I peer over my bed covers, twisting so I can see into the cubicle, and cheer with relief when I see Porter’s face at the window.

“Porter!”
Thank Fermat!

He stands in the alley, making shushing signs from behind the glass.

I shush. The last thing I want to do is wake a sleeping mob of Remarkable Students. I open the window so Porter can slither through it. He lands headfirst in the bin.

“What are you doing?” I hiss.

“Making a grand entrance!” He flicks a banana skin off his shoulder. “Quick. Bathroom. No cameras there.”

He hops through the dorm and into the bathroom. As he lowers himself onto the edge of the bath tub, I notice his ankle is turning a nasty shade of purple.

“Hurts,” he says miserably, when he sees me looking.

I wince in sympathy. “Sorry about Holly.”

“Can’t blame her for being angry.” Porter grimaces as he stretches the leg out. “I shouldn’t have tricked you.”

“Did you decide that before or after Holly waved a chainsaw in your face?”

“If you’re just going to be snarky . . .” Porter gets up to leave, purple ankle and all.

“Sorry.” I wave for him to sit back down. “My lips are sealed. Tell me more about this Great Leader.”

Porter stiffens as something squeaks behind him and then laughs nervously when he realises he’s sitting on Remarkable Student Aisha’s rubber duck. “I don’t have much to
tell. All I know is that while my mother may seem to run LOSERS, the Great Leader is the brains behind it. He’s the one that organises the monthly gatherings at Kazinsky
Electronics.”

“What monthly meetings?”

“When we all gather outside the Kazinsky Electronics store with our iPods. I’m not sure exactly what happens there, but afterwards it’s easier to remember the unit numbers of
all the portaloos I’ve seen.”

CLUE 33

The Kazinsky Electronics Store is a LOSERS stronghold.

“They must be storing a stronger brain ray in the store.

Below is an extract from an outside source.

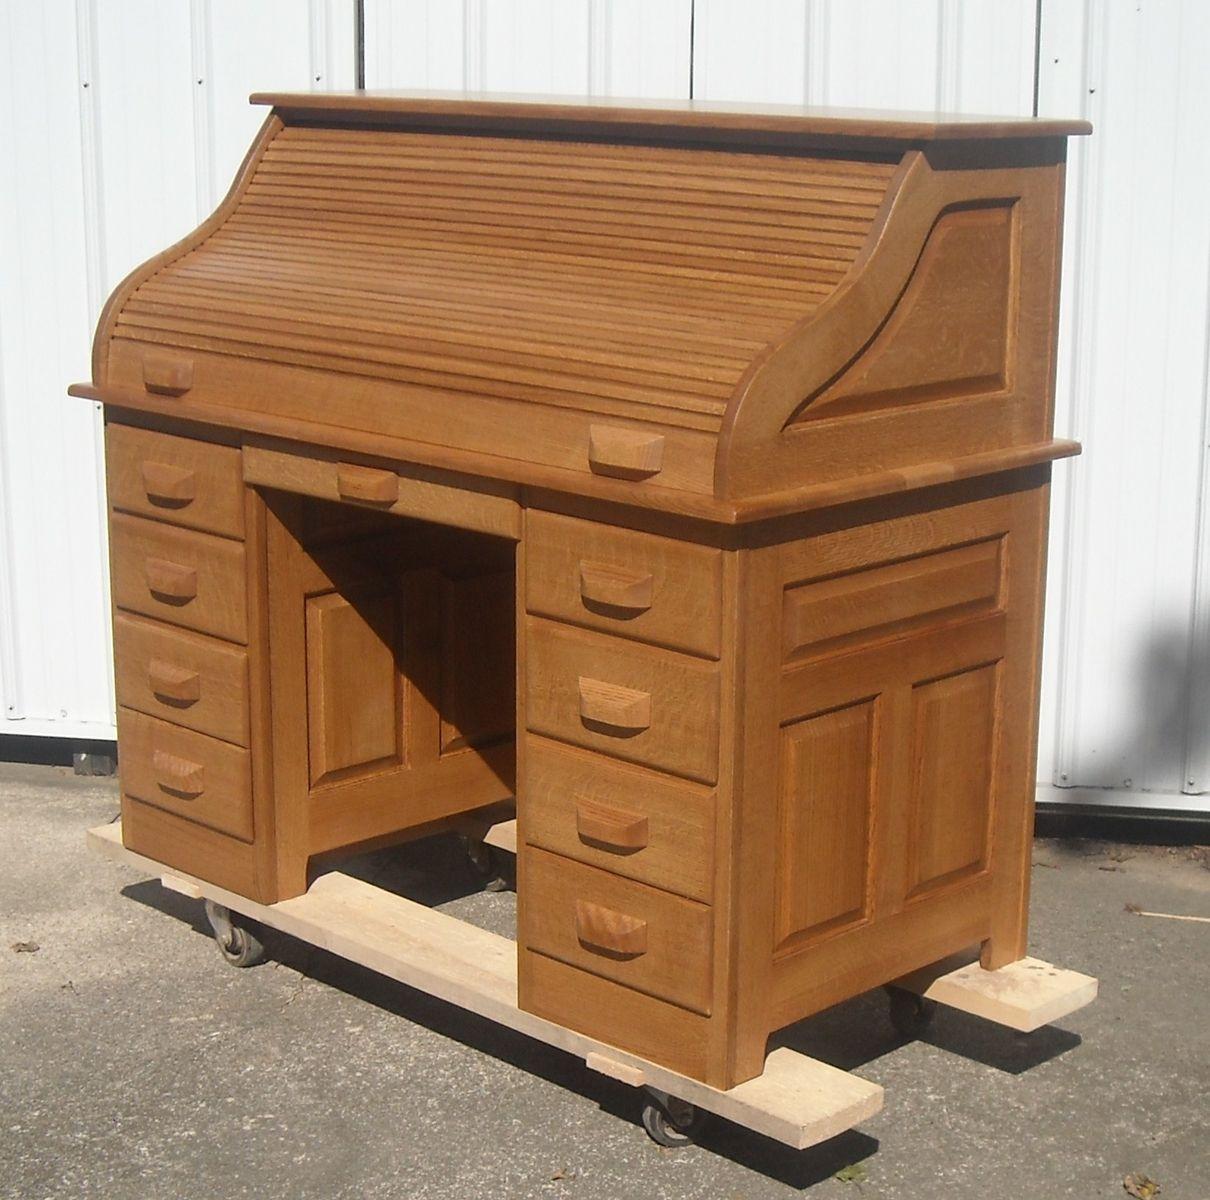 Best Built Furniture: Hand Crafted Quarter Sawed Oak Roll Top Desk By Tom Kies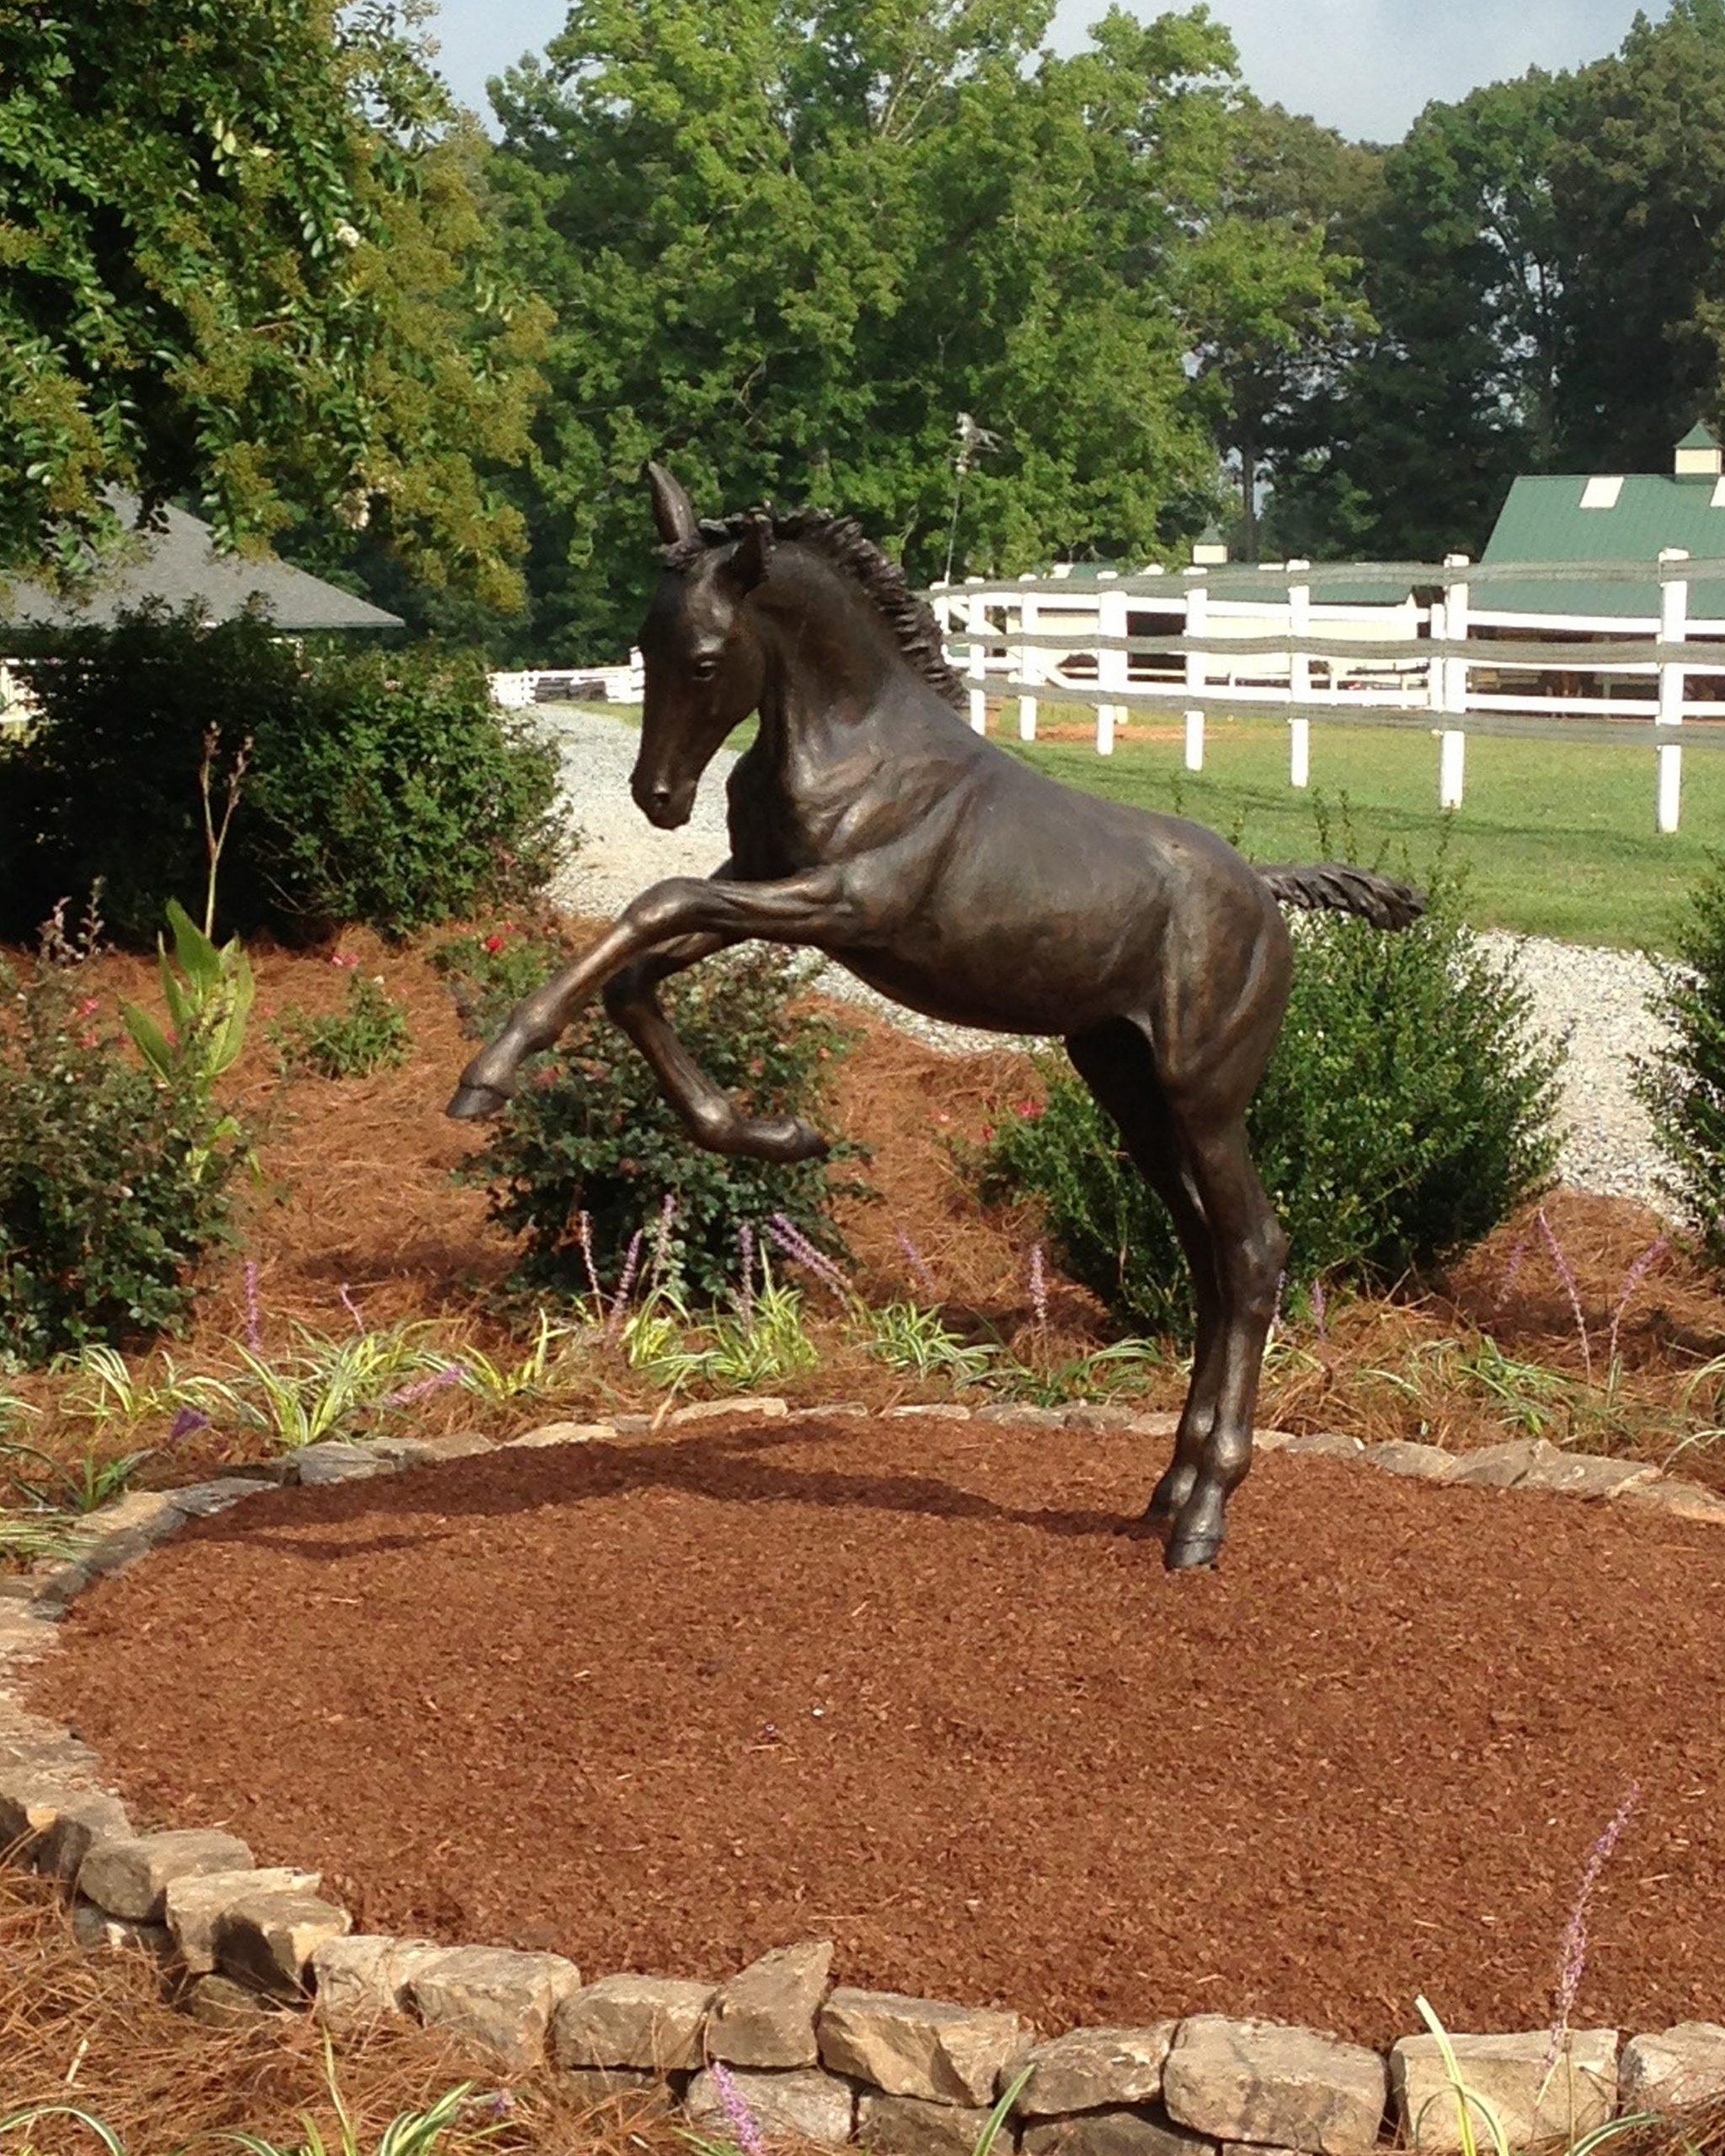 Frolicking Foal – Life-size bronze Foal

Maybe the one here is just a tester.”

“Brain ray?”

“The machine I told you about. The one behind the spy-room mirror,” I explain. “The one that makes some people cleverer and some ‘not so much’. I think the iPods
strengthen its effect.”

Porter crushes the rubber duck in his fist until it gives a dying squeak.

“The iPods are evil,” he says.

“I don’t know about evil, but I do think they’re relay transmitters for the brain ray.”

“No idea what you’re talking about,” Porter says, “So I’ll stick with evil. You say they’ve got one of these brain rays at Kazinsky Electronics?”

“I think so.”

Porter releases the rubber duck, which gives a wheeeeeeeee of protest. “And the iPods only work near this brain ray thing?”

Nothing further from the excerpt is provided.